@holly12345 

Last reply

holly12345

Sooooo Upset ????

Hi everyone A little story of what happened to me today...... I don't venture out that much because of my poor balance and eyesight, outings can be hard work but today I made the effort and my mum took me to Tesco to do a little shopping. Half way round and already tired I was stood at my trolley, I could see and sense that quite a few people were around me and perhaps I was in the way, I very slowly moved backwards being careful not to get in anyone's way or bang trolleys etc. However an old fat guy was waiting behind me and obviously found my movement too slow, he walked past me, glared at me and shook his head!!!!!! I had no idea why he felt he had to do this so I approached him and asked him why and he aggressively replied I was in the way of him. I calmly told him I was partially sighted and had Multiple Sclerosis. Expecting an opology he aggressively replied 'I don't care'!!!!!! I was in shock, my mum was furious starts to intervene and repeat what I said and he basically told my mum where to go!! Of course that's it I just started to cry and cry and cry and I couldn't stop. I left the supermarket crying and still crying when I got home. The shock of anyone being so horrible and cruel I cannot understand. Its knocked what little confidence I have. Gonna take me a while to get over this one. Rebecca ???
@Mayvar

Rebecca, The wonderful thing about having MS is learning to not give a damn what other people think about you.
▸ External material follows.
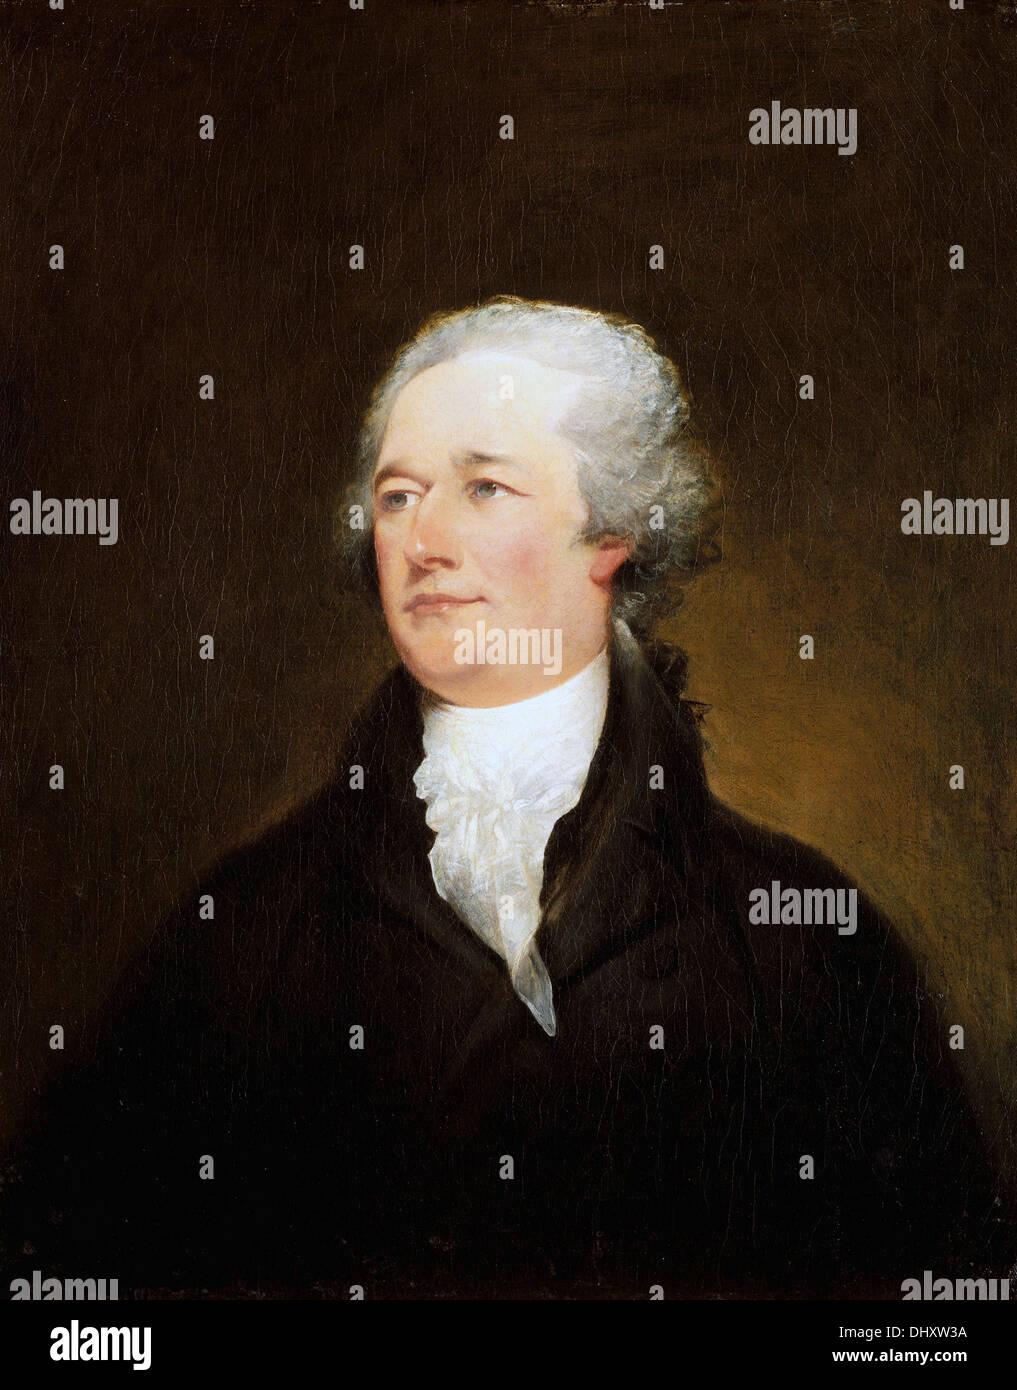 Alexander Hamilton - par John Trumbull, 1806 Photo Stock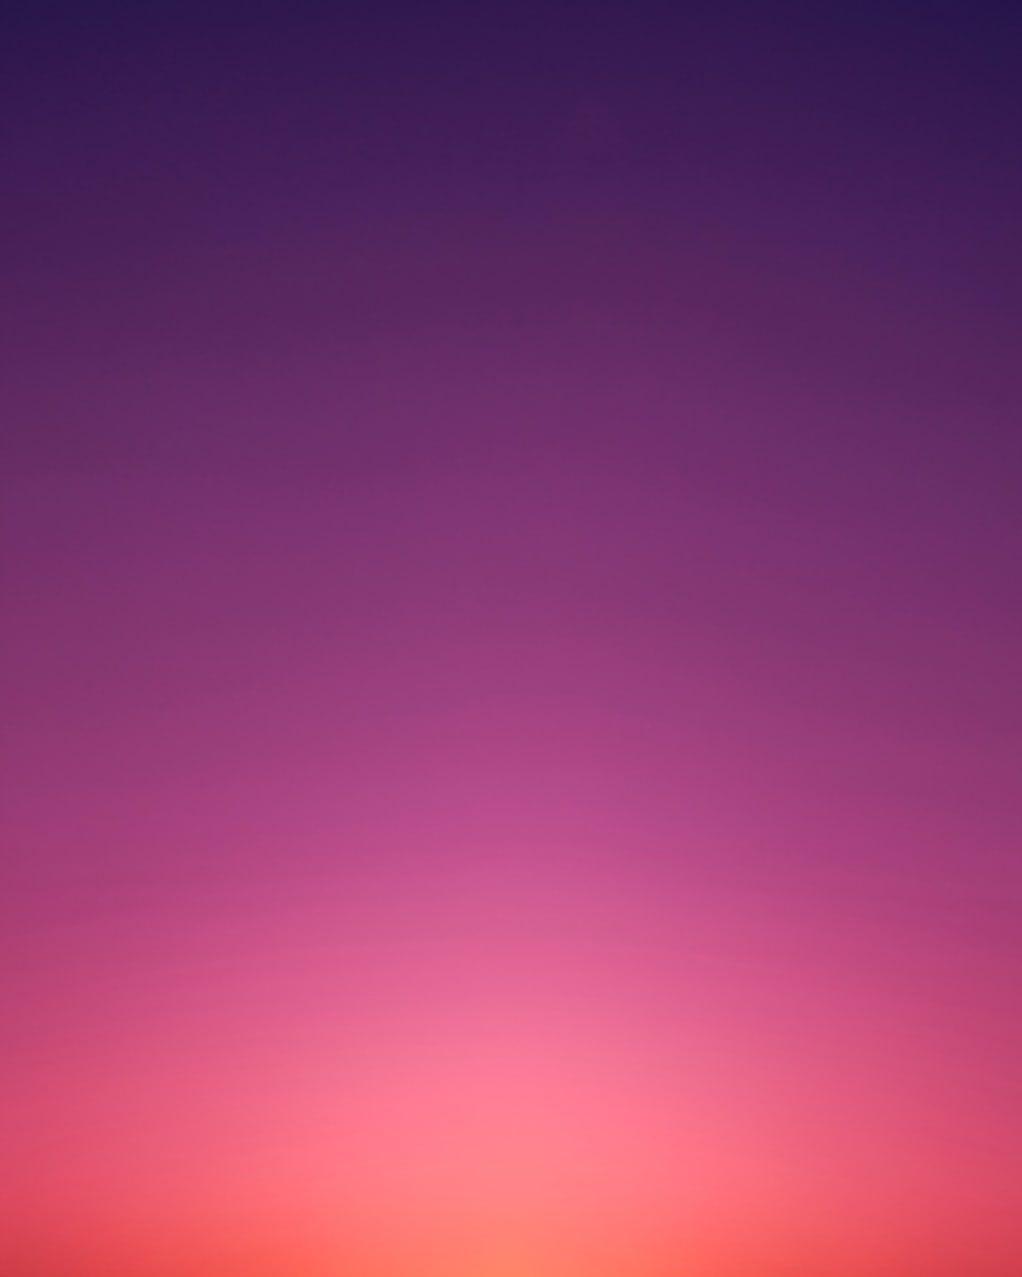 """Sky"" Series By Eric Cahan"

I am so sorry this terrible human being was so rude to you, however, you need to ask yourself why you care so much about what he thinks? ....besides the whole MS creates a 16 year old emotional puberty like rollercoaster in us! ;) LOL People are mean. I truly wish they weren't - I'm sorry on behalf of humanity. Be confident. Rock on. You are functioning and out and about, right? *BAM* See? The big things and the little things. <3 Hugs, Mayvår

@melissag

I'm sorry that this happened to you, and I know that it's hard but try not to let other people's ignorant behaviour get to you. At the end of the day, he is the one who has to live with his hateful self, and you can be thankful you're able to see how wrong he is, because clearly he can't!